Interview by Fátima L. Ortiz published in ‘Revista Actores y Actrices’ in March 2026
For those unfamiliar with FIA, how would you simply explain what it is and what it does?
FIA is the global union voice for performers in film, television, theater, and recorded media. We are a sectoral federation that brings together unions and guilds worldwide. Our mission is to protect the professional, economic, and moral rights of performers: fighting for fair pay, dignified conditions, collective bargaining, and addressing challenges like digitization and artificial intelligence. We also defend cultural diversity and freedom of expression, and we stand in international solidarity when our affiliates need it. FIA does not enroll individual artists; our members are national unions and guilds. This ensures that the voices of performers are heard and taken seriously globally.
From your experience, what can a national union gain by joining an international network like FIA?
Affiliation is a voluntary decision, based on a shared goal: the commitment to actively strengthen and amplify the collective voice of performers beyond national borders. Active involvement from affiliates keeps our work sharp, relevant, and connected to the daily realities performers face.

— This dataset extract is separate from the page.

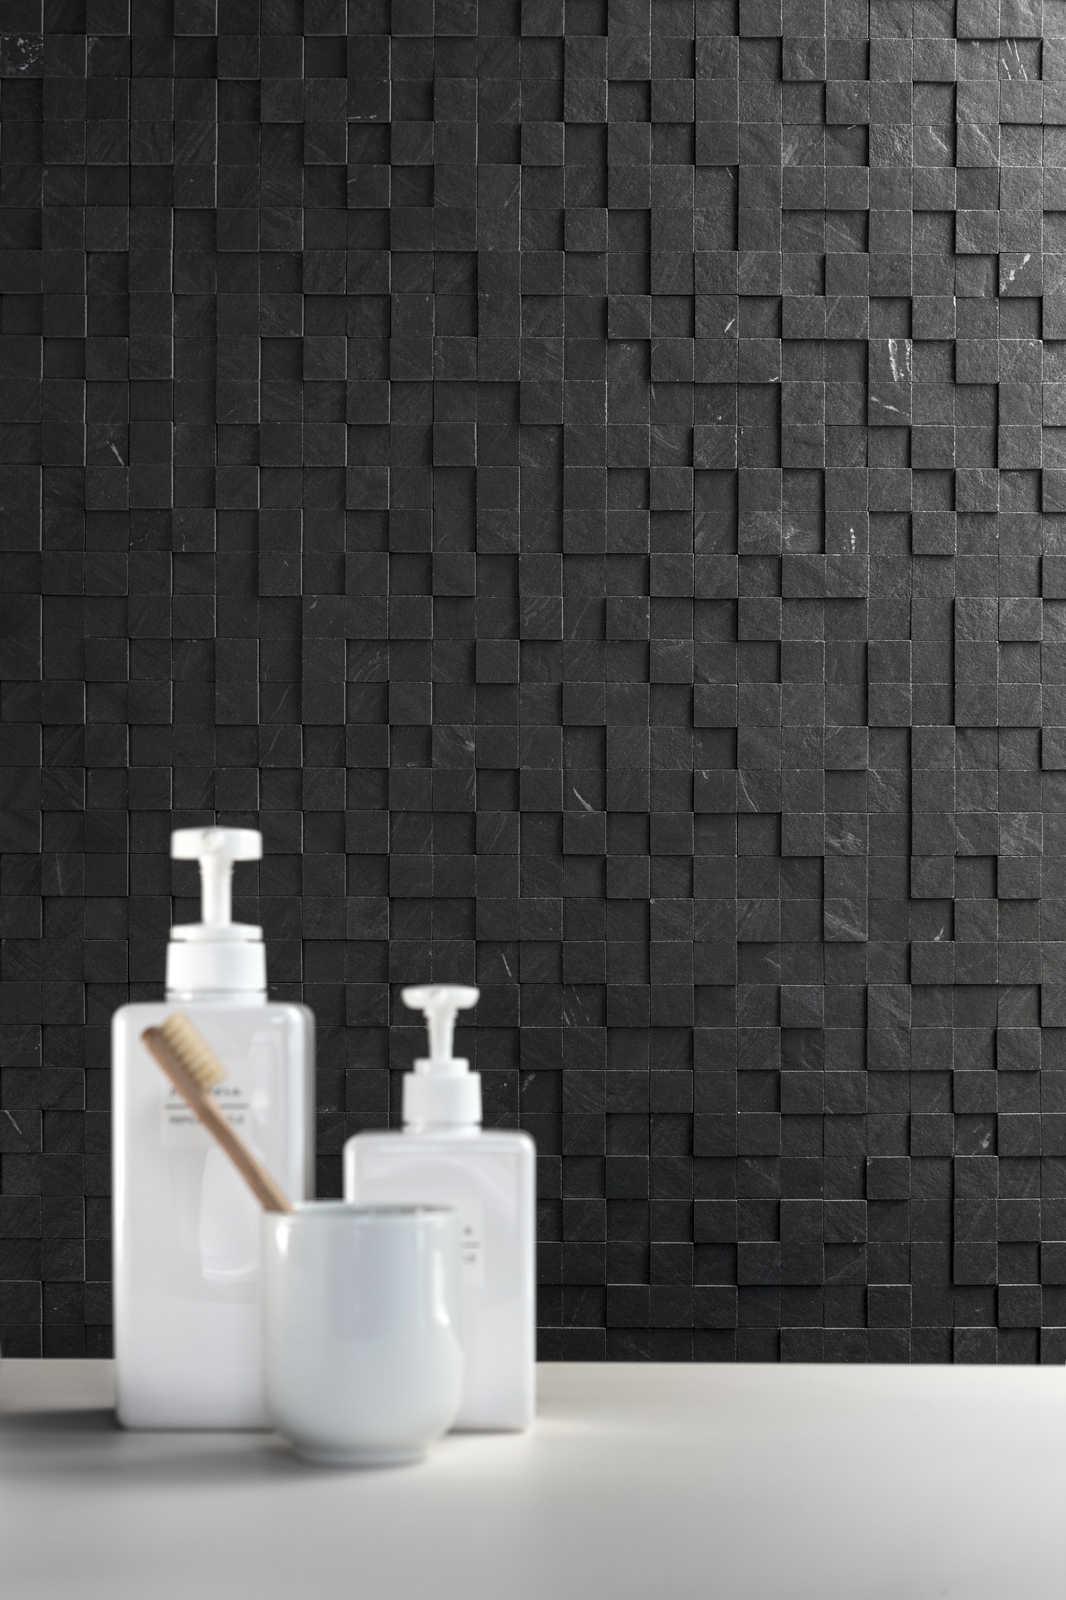 Piastrelle a mosaico per bagno e altri ambienti marazzi for Piastrelle mosaico bagno adesive
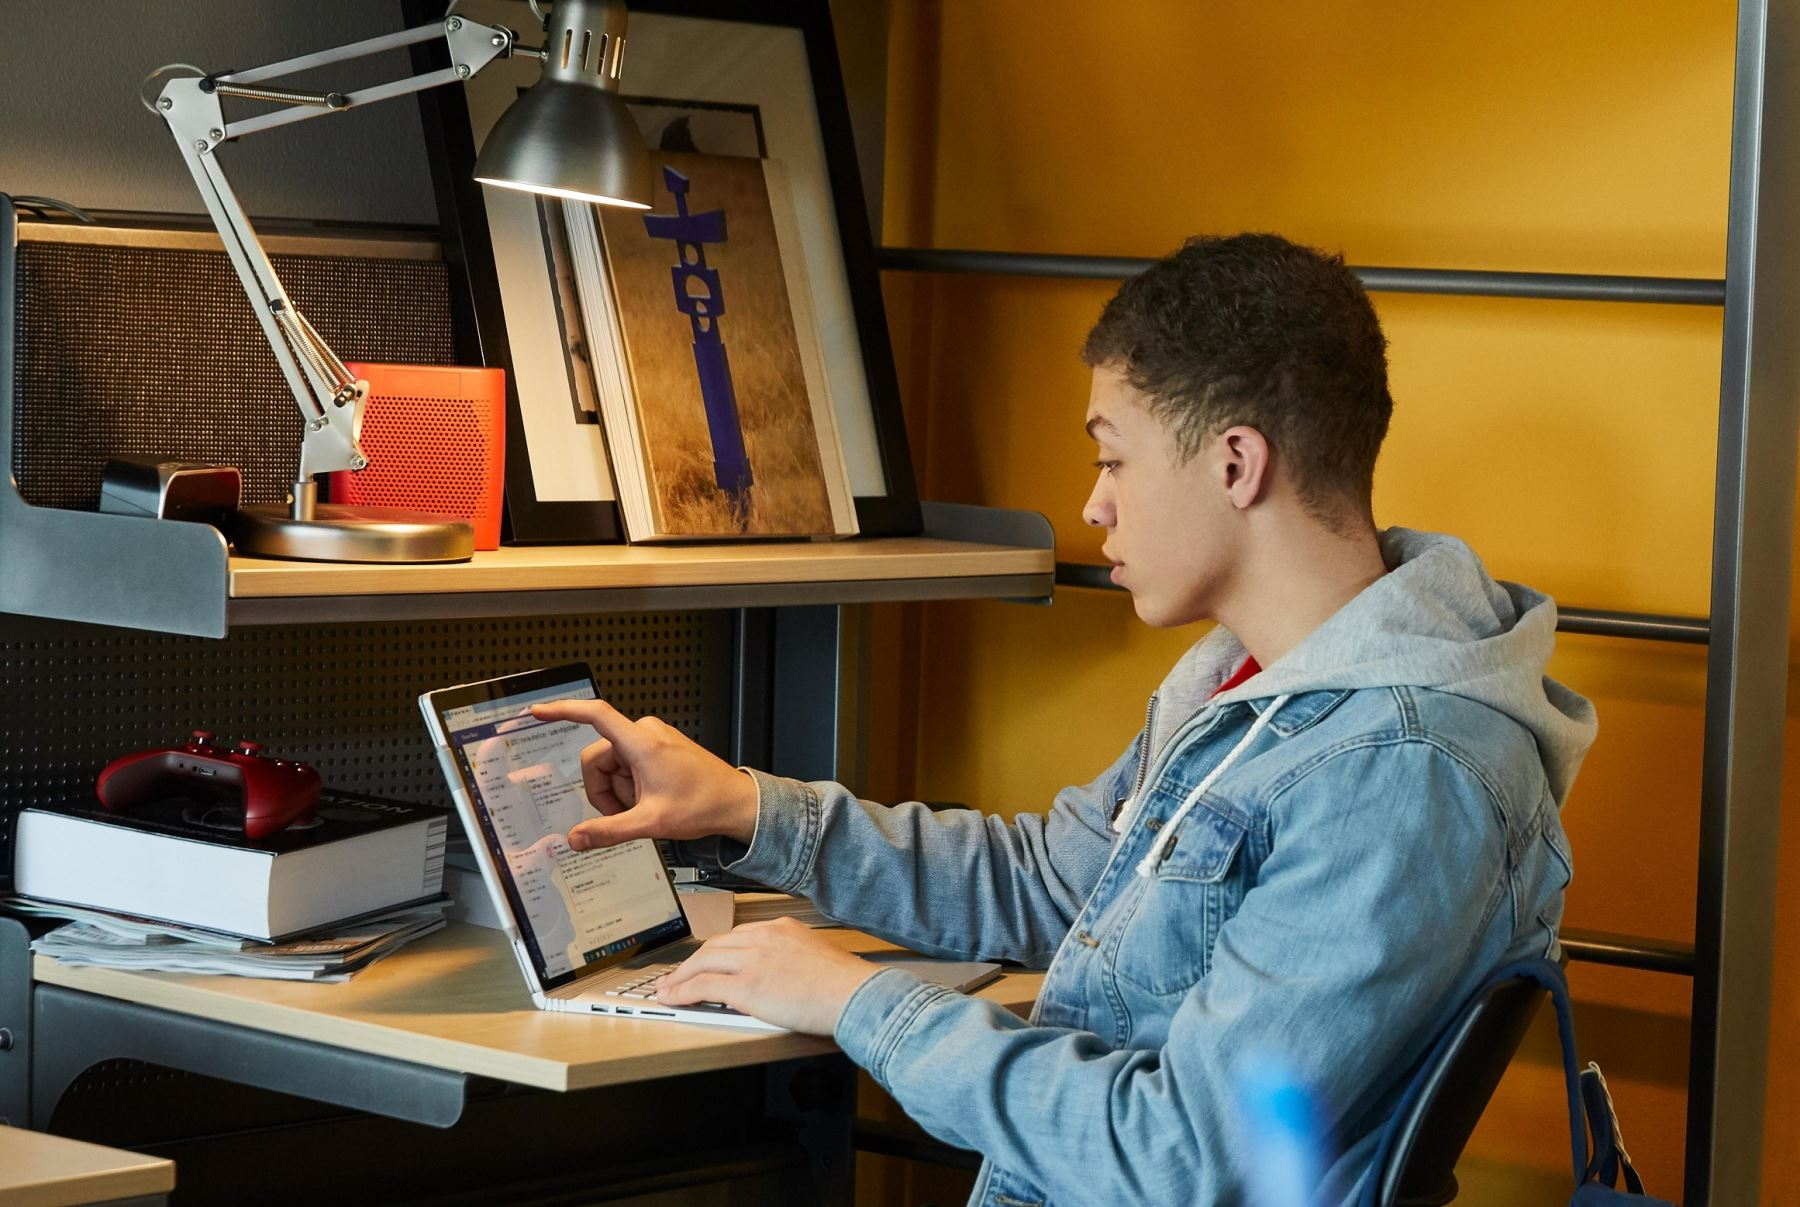 Curso gratuito de Microsoft busca acercar a los más jóvenes a la Inteligencia Artificial

We advocate for our members in forums like WIPO, the ILO, and UNESCO, and we regularly bring affiliates together to share information, experiences, and practical tools. We also support regions where performers are struggling to organize collectively. In short: shared strength, mutual support, and collective responsibility. A union connected internationally is better prepared to achieve progress and support its members abroad.
In a globalized context, why is it important for performers to have representation beyond their borders?
Because work and the decisions shaping it do not stop at borders. Performers are mobile workers in an integrated market, and many standards are decided at the European or global level.
FIA acts in international bodies like WIPO, where we secured the Beijing Treaty, establishing a global minimum standard for the economic and moral rights of audiovisual performers. This protects performers beyond Europe and is crucial against multinational companies seeking to exploit legal loopholes between countries. International solidarity is not a luxury: it’s a necessity.
What are FIA’s current priorities to foster collaboration among unions in different countries?
Collaboration doesn’t happen on its own; it must be driven, nurtured, and sometimes pushed. We bring affiliates together in meetings, working groups, and congresses, addressing issues like diversity, racial equality, disability, artificial intelligence, and training for young performers.
A clear example is AI and dubbing. Right now, we are actively facilitating cross-border conversations to ensure that the concerns of dubbing performers outside the U.S. are clearly heard and addressed by our U.S. affiliate in the next round of AI-driven negotiations. This is international cooperation in its most concrete form: sometimes messy, often technical, and always absolutely necessary. It hasn’t always been smooth sailing, but there are enough battles waiting for us outside, no need to invent them inside.
The priority is to build trust and spaces for joint action: when performers face global challenges, collective strength is not just an option, it’s the only one that works.
What recent advances has FIA achieved in labor rights for actors in different regions of the world?
Performers are often not taken seriously precisely because they are artists. Many proudly identify as such, and rightly so, but policymakers have a bad habit of hearing “artist” and mentally translating it as “hobbyist.” When basic social protections or labor rights are requested, they are overlooked, as if performers don’t have rent to pay, families to support, or the minor inconvenience of aging.
A significant part of FIA’s work is to point this out and change the narrative, not only in the institutions where we advocate, but also within our own ranks. We have achieved artist status legislation in Colombia, Argentina, and Morocco, and in Europe, freelance performers are allowed to negotiate minimum fees without being treated as a cartel. In South Africa, we supported the extension of minimum benefits without recognized employment ties. Progress is slow and rarely glamorous, but region by region, the message is finally getting through: acting is work, performers are workers, and labor rights do not magically disappear just because the job involves a script, a spotlight, or a camera.